:: WHAT YOU SHOULD DO ::
Set down the full listing exactly as given. Any pictures are to be left out.
EXERCISE DATA section start
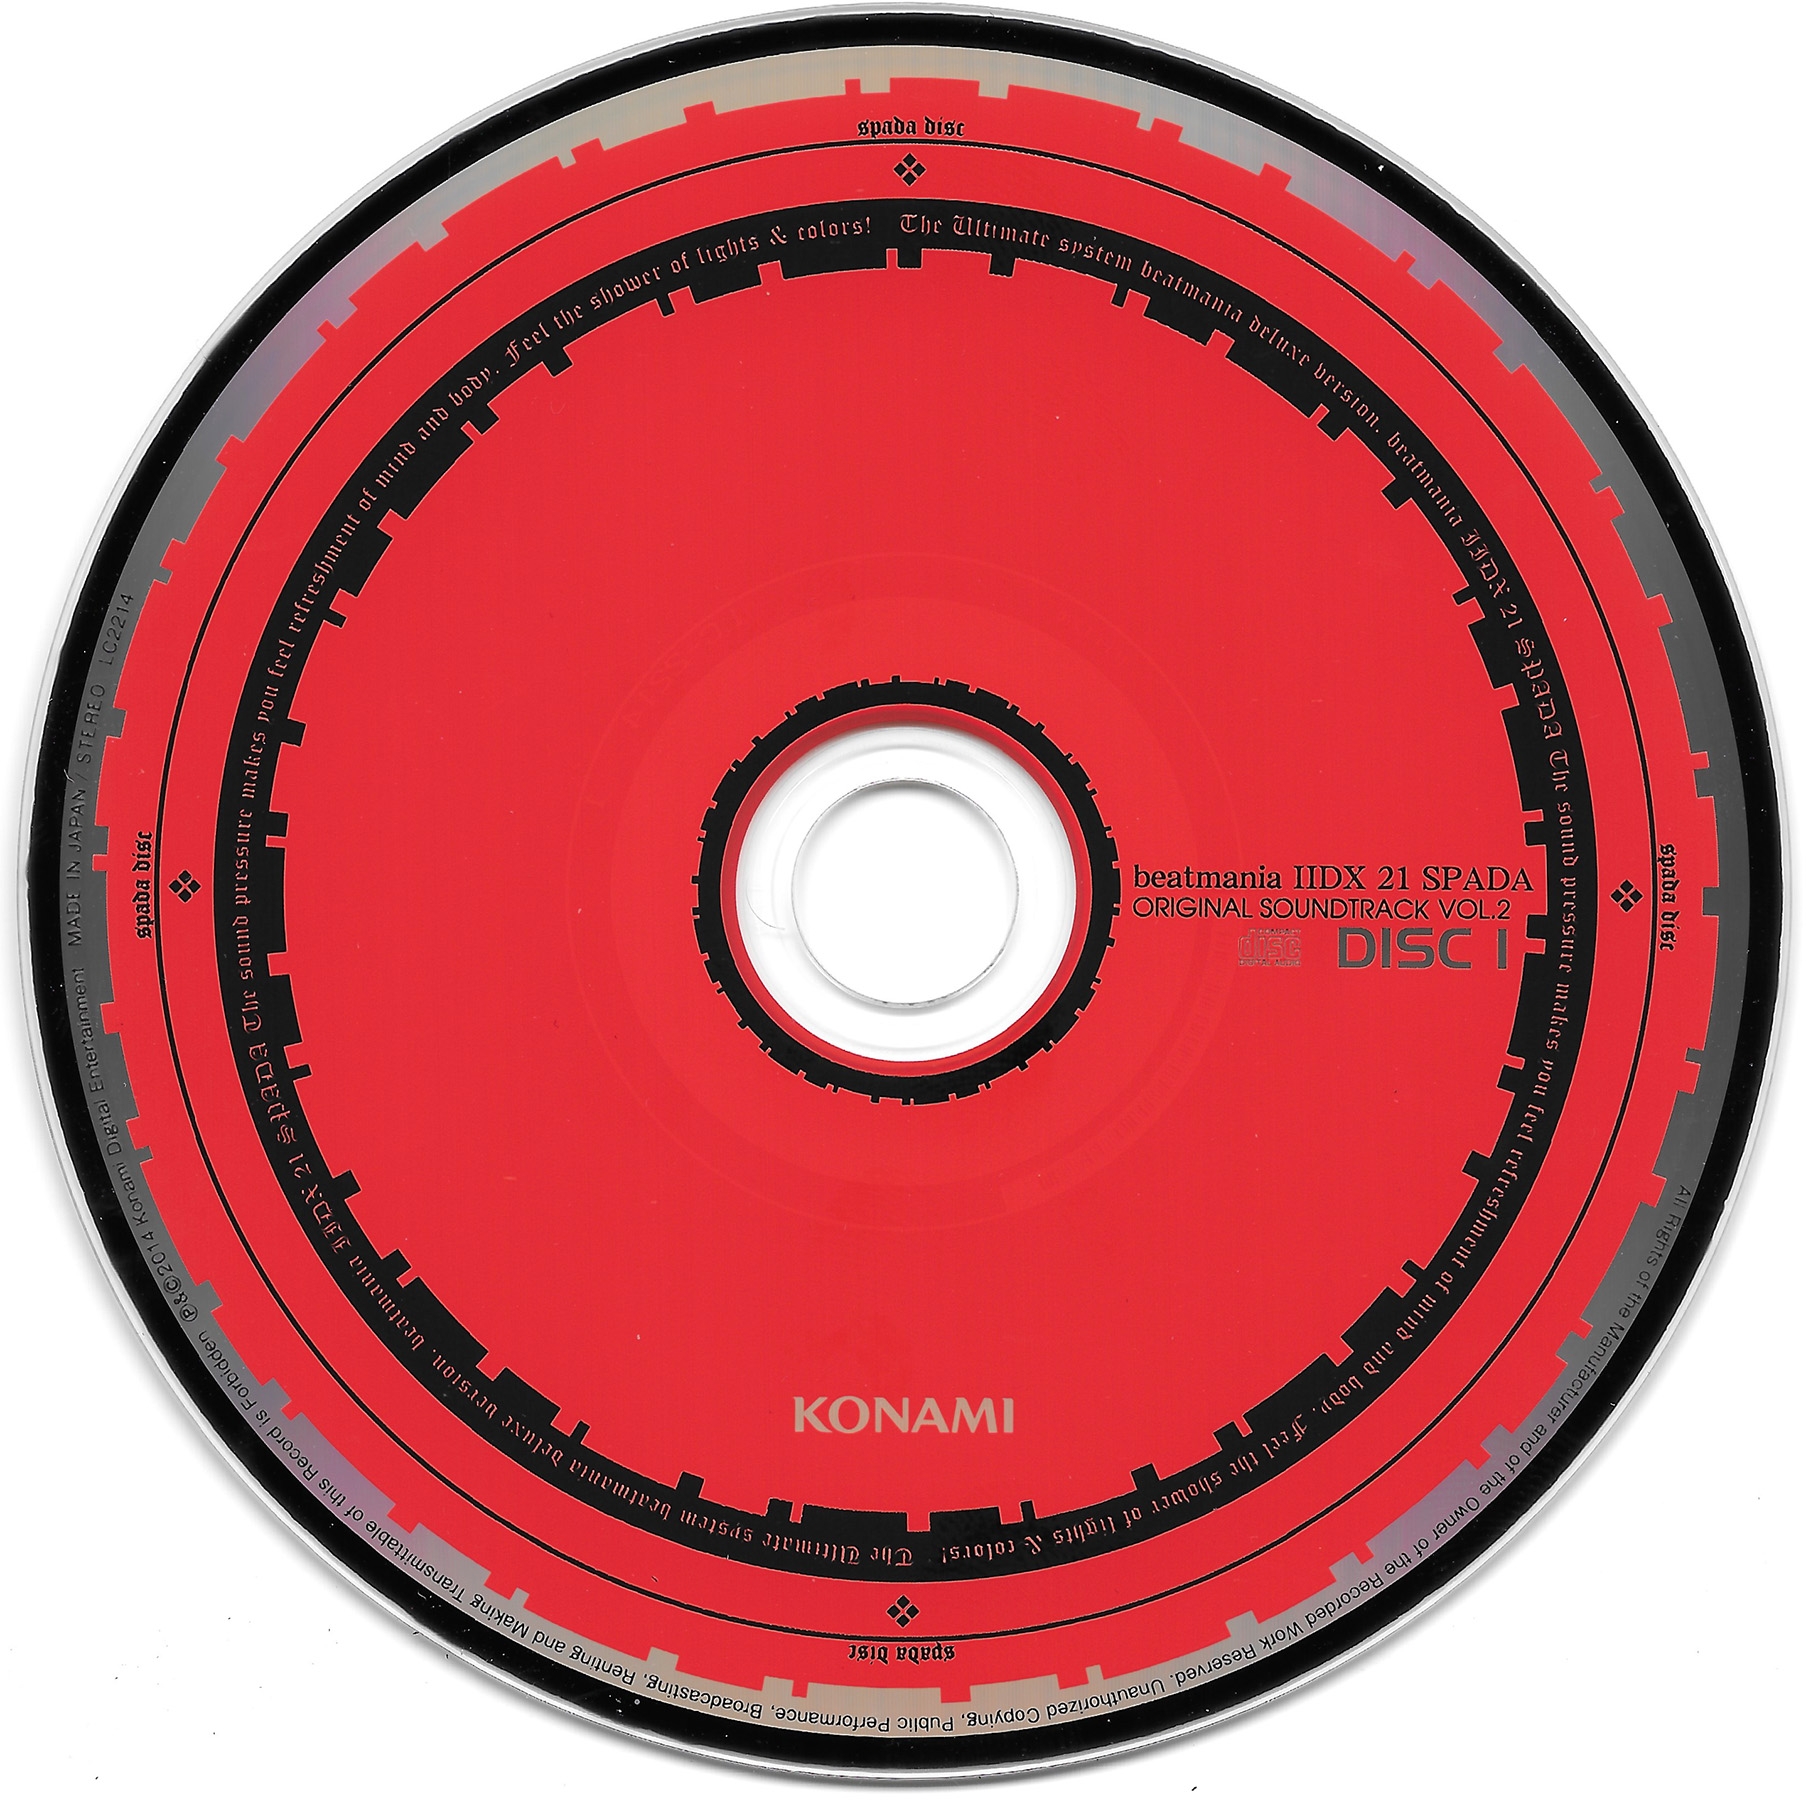 beatmania IIDX 21 SPADA ORIGINAL SOUNDTRACK :JHAb90bd6bc07:虹色
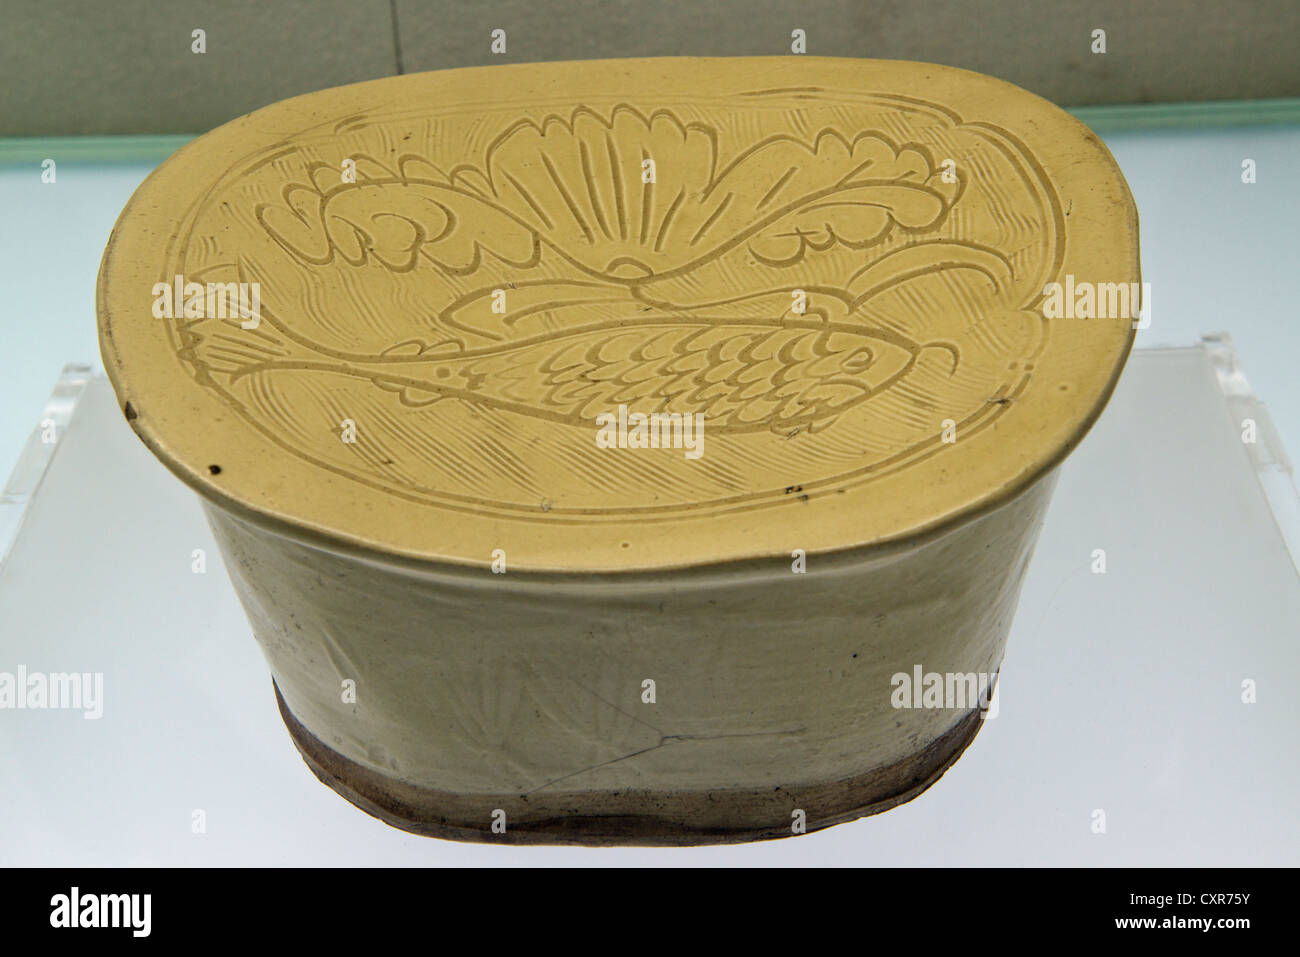 Porcelana blanca almohada con pescado y flores talladas, patrón de la Dinastía Jin (1115-1234). Museo de Shanxi. China. Foto de stock
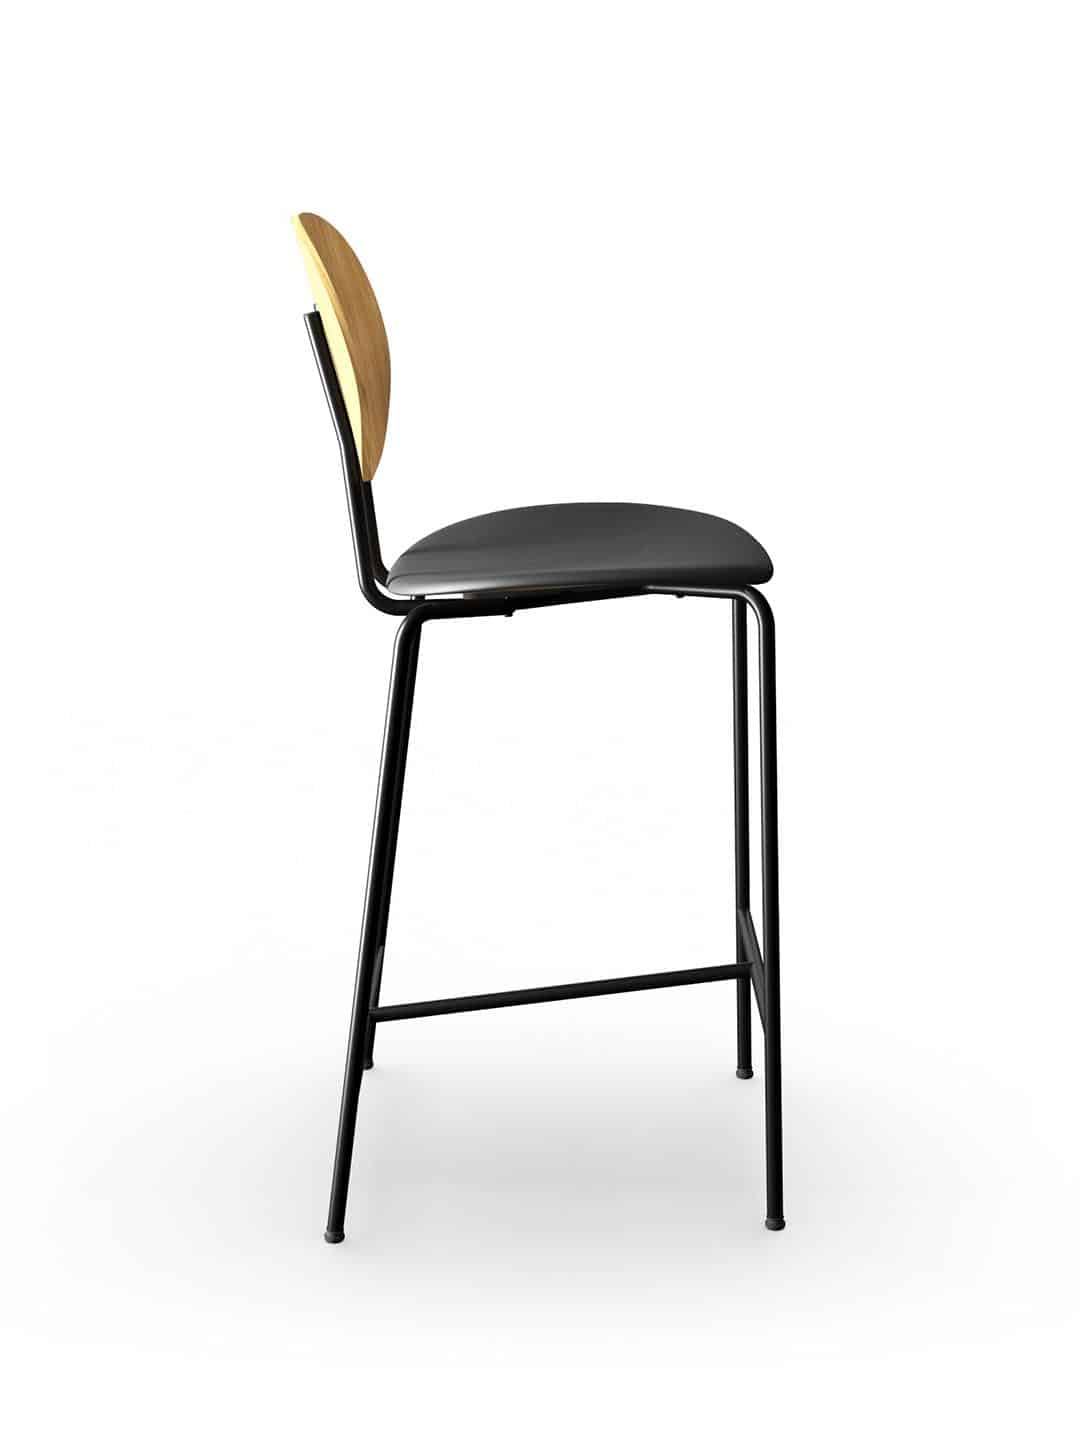 Полубарный стул Sibast PIET HEIN премиум класса из натуральной древесины
EXERCISE DATA section end
:: WRITTEN RESPONSE ::
 beatmania IIDX 21 SPADA ORIGINAL SOUNDTRACK :JHAb90bd6bc07:虹色
 Porcelana blanca almohada con pescado y flores talladas, patrón de la Dinastía Jin (1115-1234). Museo de Shanxi. China. Foto de stock
 Полубарный стул Sibast PIET HEIN премиум класса из натуральной древесины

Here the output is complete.